St. Gregory of Nyssa (335-395AD), whose memory we celebrate today – January 10th – was one of the great spiritual and mystical writers of the early Church. He was the younger brother of St. Basil the Great.
Born in Cappadocia (modern Turkey), he played a leading role at the Second Ecumenical Council that gathered in Constantinople in 381AD, which proclaimed the Holy Spirit as fully God and completed the writing of the Creed that we still confess in Church at every Liturgy as our personal statement of faith.
One of the books he’s best known for writing is “The Life of Moses” in which he uses the story of Moses’ life – his birth in Egypt, the crossing of the Red Sea, his wanderings in the desert and ascent of Mt. Sinai to encounter God and receive the 10 Commandments – as an image of the soul’s journey towards God in Christ through the Holy Spirit.

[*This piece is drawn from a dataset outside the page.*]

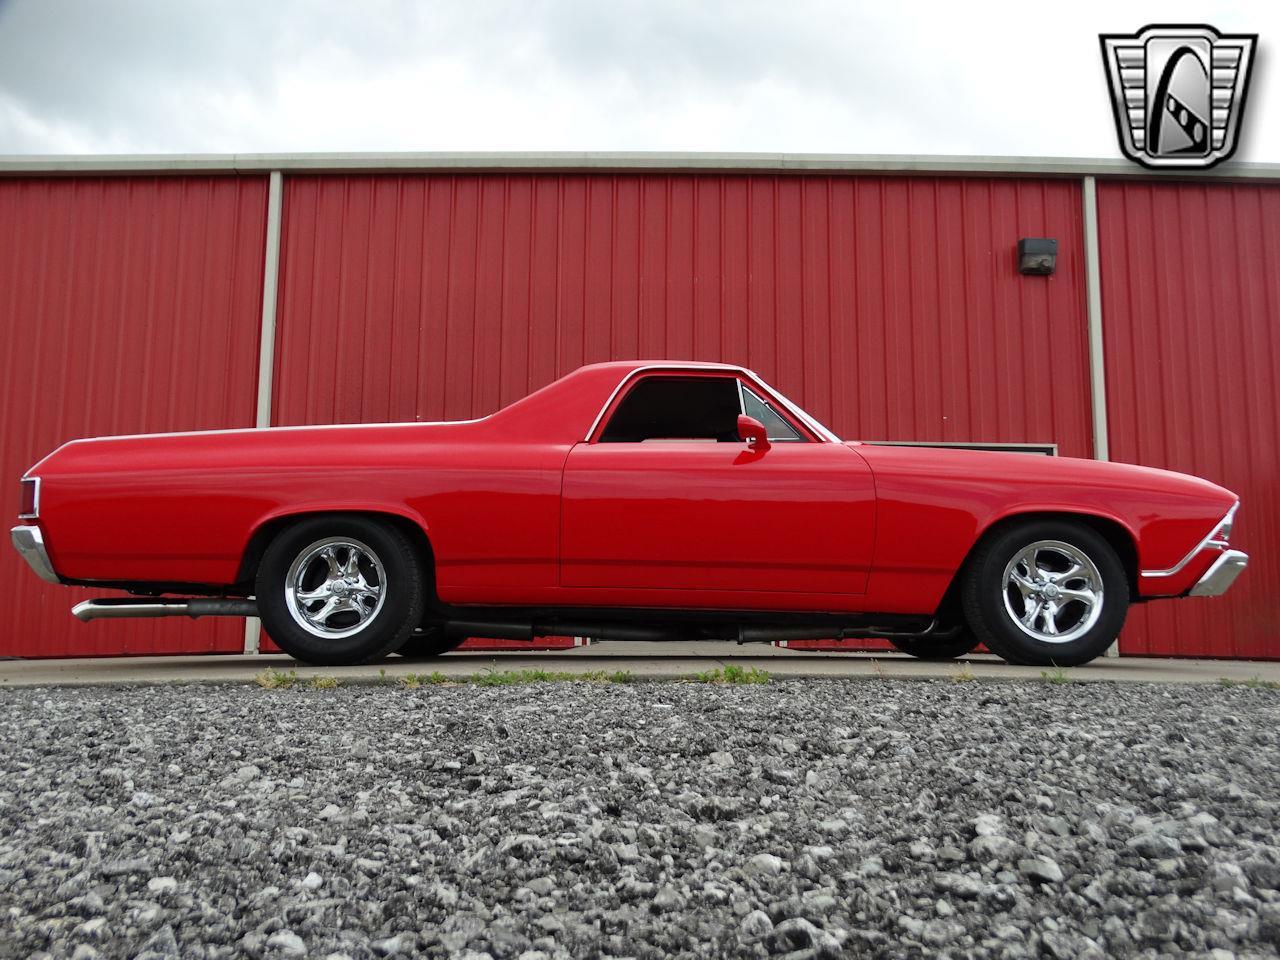 1968 Chevrolet El Camino (CC-1356977) for sale in O'Fallon, Illinois

Gregory was also one of the first Christian voices to say clearly and unequivocally that slavery as an institution was inherently sinful and wrong. He believed that the institution of slavery in the ancient world violated human dignity, as all human beings are created in the image and likeness of God and are therefore of inestimable worth. He believed, on the basis of the Book of Genesis in the Bible, that freedom is an essential characteristic of human nature.
Human fulfillment, Gregory believed, consists of a life lived in the Light of Christ, becoming luminous, and offering that Light to everyone.
The fun thing about being Catholic is the diversity of liturgical calendars. We live in full communion in the Catholic Church thinking of the 5 liturgical families. This feast day gives us this perspective.